If you are being bullied by family or friends and feel trapped not being able to talk to someone, talk to me, talk to other Bariatric people, find support groups. There are people out there and you will never have to go through it alone!
Now that my rant is over and I feel better, it’s time to post some updates!
My 10 Month Surgiversary was yesterday and here were my most recent stats!
Total Weight Loss to date: 148 lbs
Pant Sizes Lost: 8 (From size 26 to size 10)
Total Inches Lost: 91.50*
*Chest 13.25 in, Stomach 16.75 in, Hips 19 in, Biceps 14 for both, Thighs 16 for both, Calves 9 for both, Ankles 5 for both.)
Some of my NSV’s and accomplishments since last time…
* Made it to ONEderland! Never as an adult, have I EVER weighed under 200 pounds. This was the most momentous moment of the whole journey thus far!
* Erick was able to pick me up and carry me around which was something I was never able to experience until right now!
* I was able to sit in the driver’s seat and climb over to the passengers seat. Something you might not think of to do, but for me, I just always knew I couldn’t do it..and now I can!
* My weight loss App now lists my weight as Overweight instead of Obese (Or Obese Class III which is where I was at the start of all this!)
Never in my life have I EVER been a size 10. I could not believe it!
I only have about 40 pounds to go before I hit my final goal for now! Until then, Here are a couple up to date Before and After Pics!
The Pink Before an after show that I am starting to look curvy which motivates me to want to start toning and wearing more form fitting clothes instead of trying to hide behind baggy clothes and sweaters all the time!
The Second picture is from my highest to my lowest thus far. I just bought these Size 10 pants and was so stoked!
Some other fun excursions in the last couple months was that Erick and I celebrated our 9 year anniversary!

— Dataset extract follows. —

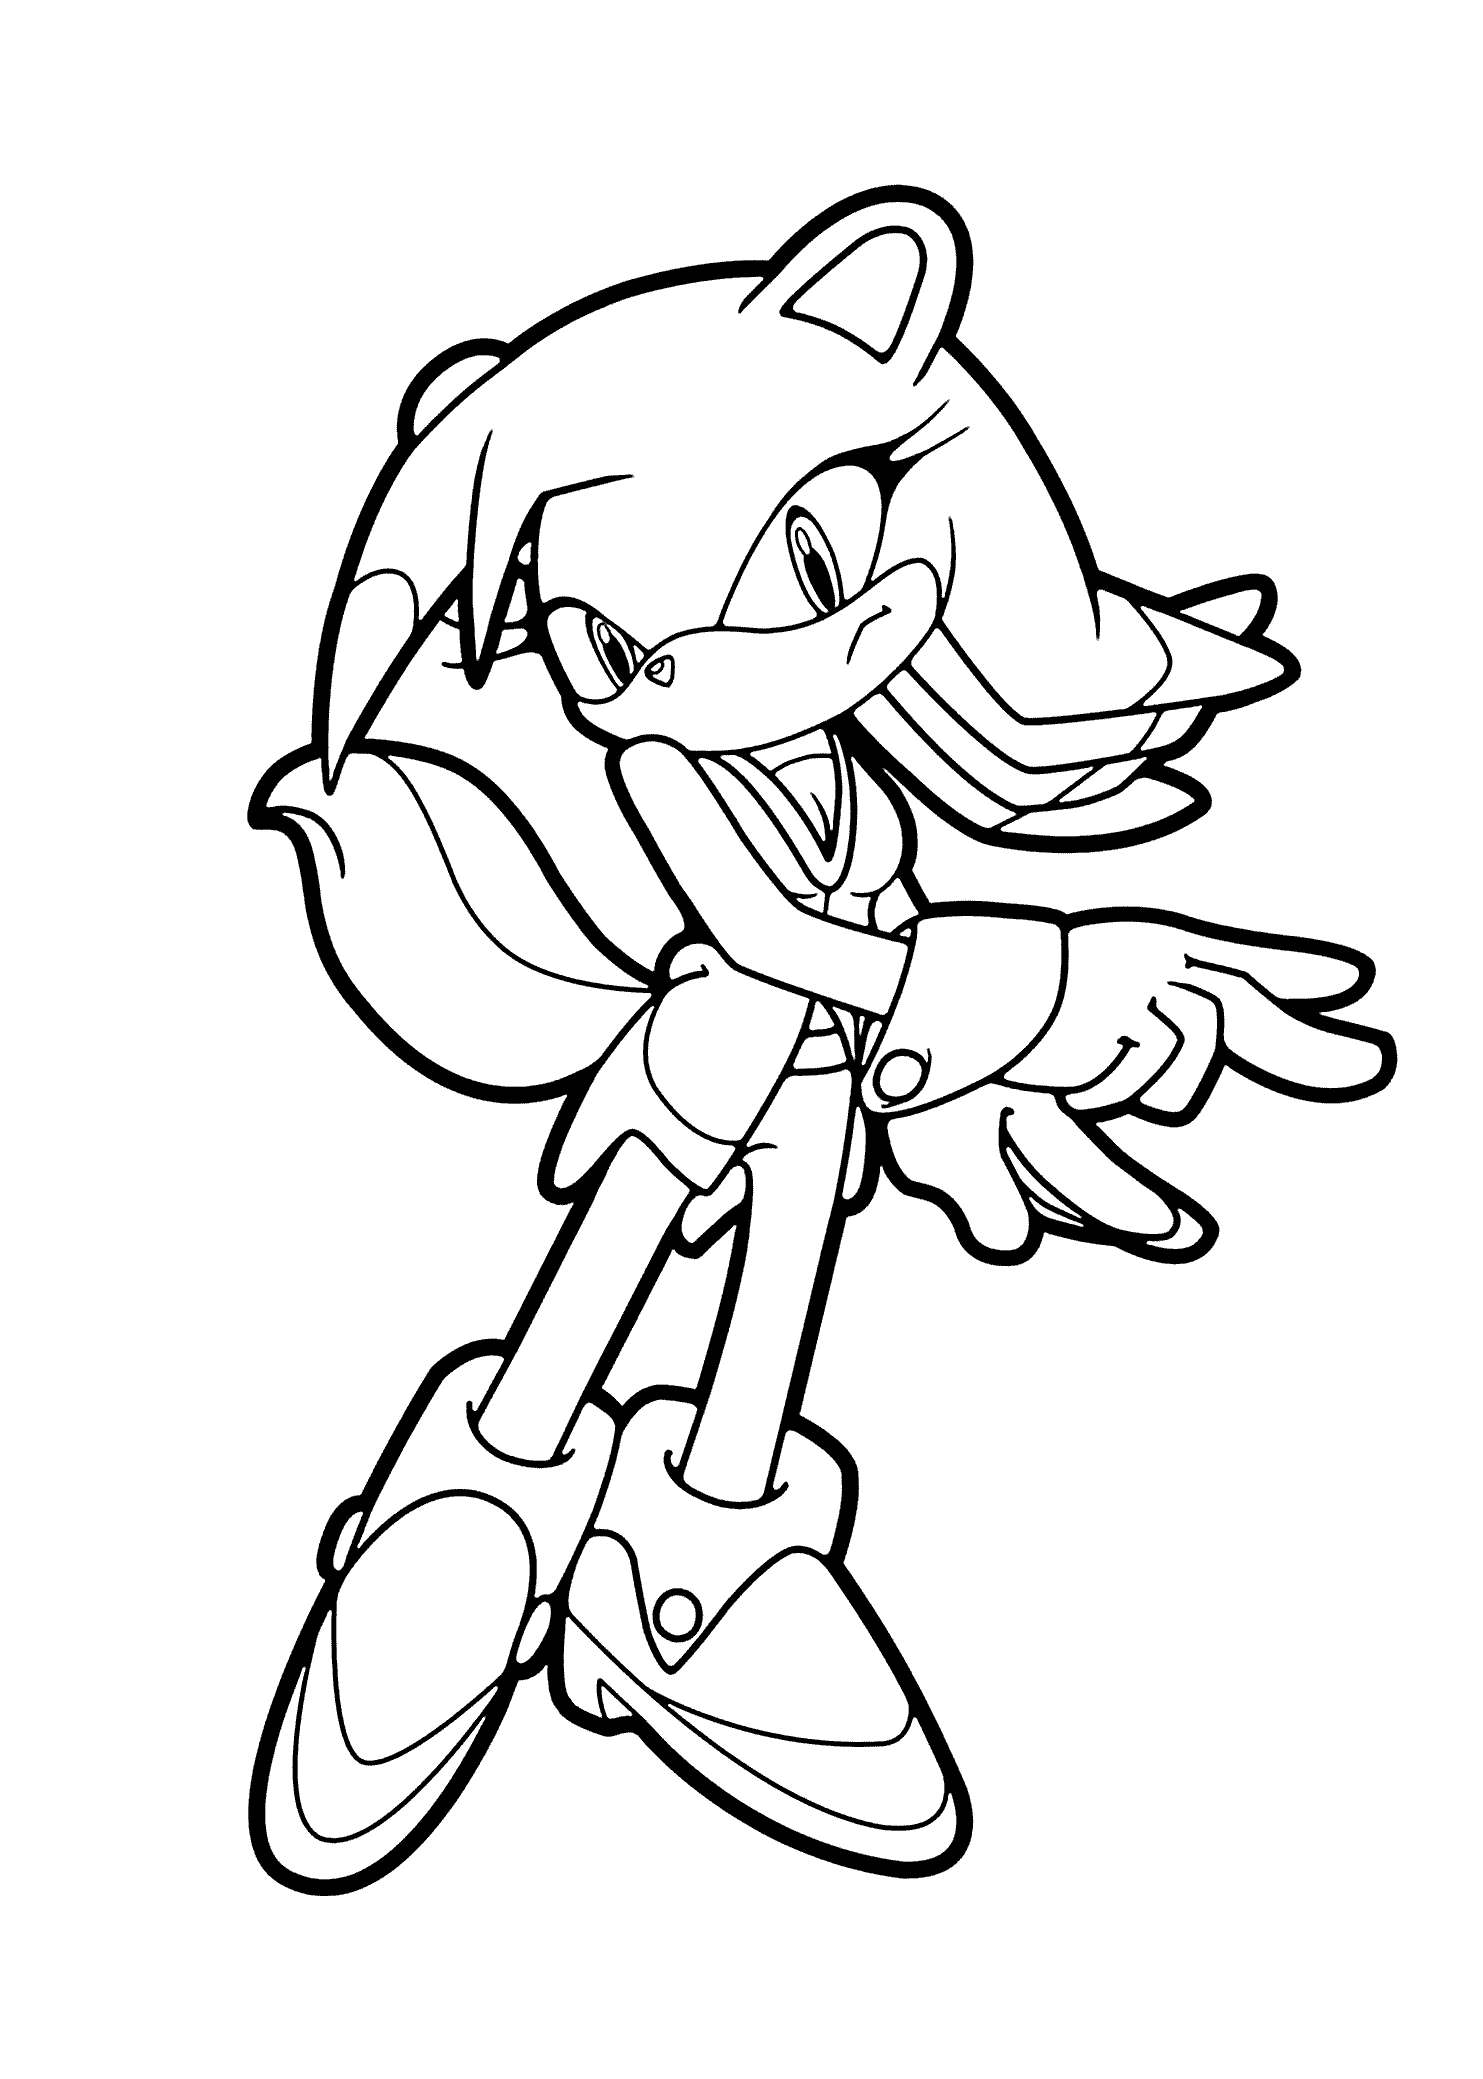 Sonic characters coloring pages for kids, printable free Cartoon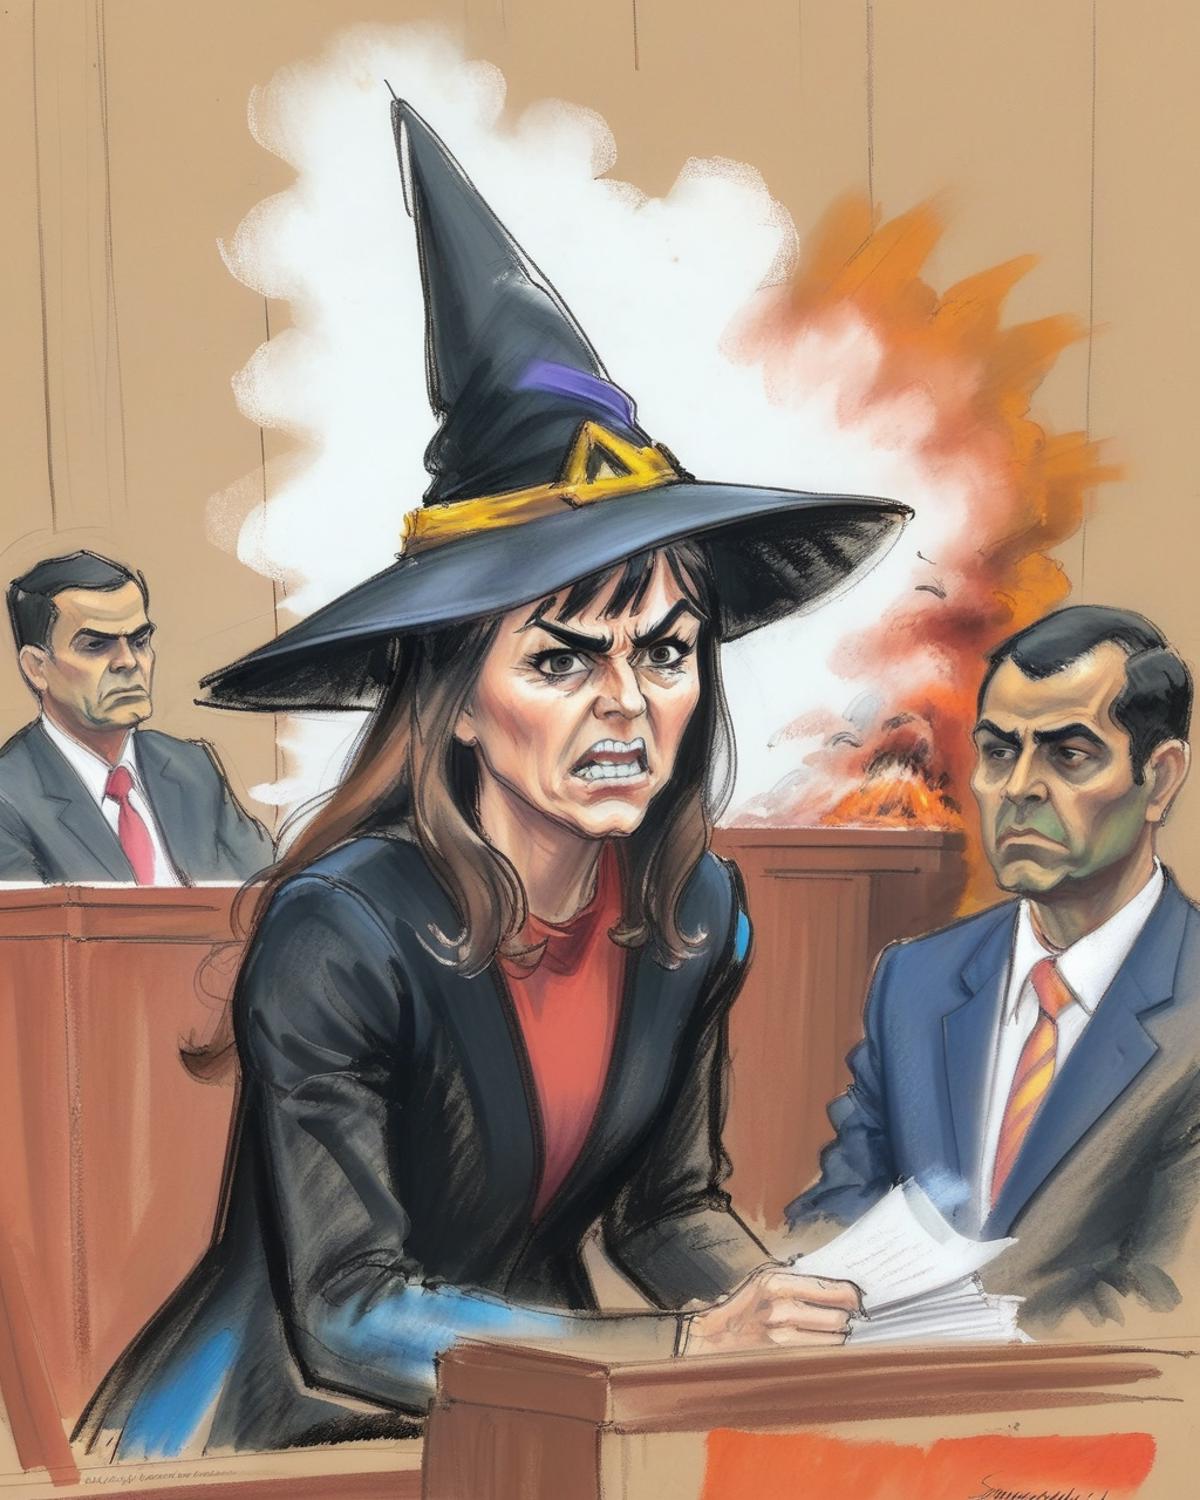 Courtroom Sketch Style image by burnera679889

We went out to dinner to celebrate!
We also went to Vegas and for the first time in our lives, we actually WON MONEY!
I know it’s cliché, but I truly believe in my heart that if you allow yourself to be happy and you start making small steps in one avenue where your life needs improvement, then that energy flows into all other aspects of your life. I am not saying that if you have the surgery or lose weight, you will win money in Vegas! What I am saying is that when you make steps of positive change in your life, you almost attract lot of positive things. Ever since I made the decision to have the surgery, I find that my life is improving in every aspect around me.
Some might be done with the mushy gushy stuff and want to go straight to the food pics. Without further ado…
Pork Loin barbecued with some Sweet Corn
Pork Chops again with some French Cut Greenbeans. I love Pork Chops because, like Chicken, you can do so much with it.
Cream of Mushroom Chicken with Brown Rice and Roasted Curry Cauliflower
Barbecued Short Ribs with Green Beans. Prolly my favorite Protein to date because of the flavor and tenderness.
Balsamic Whiskey Steak and Peas. Steak and red meat can be a little tough to digest and break down, but it’s definitely nice once in a while.
By Far our favorite dish to date! Chicken Florentine on a bed of Gluten Free Pasta, Barbecued Porkchops and a Side Dish of Sautéed Mushrooms, Onions and Spinach with a little cream sauce. I made big portions so that we have lunches and dinners throughout the week. Makes prepping so much easer when you can cook a couple different things on Sunday and enjoy them thereafter!
As always, Thank you to those around me who have been unbelievable supportive of me and my journey. People still have been following me and asking for my opinion or recipe ideas and I am so glad that I can pay it forward and help someone else on their journey!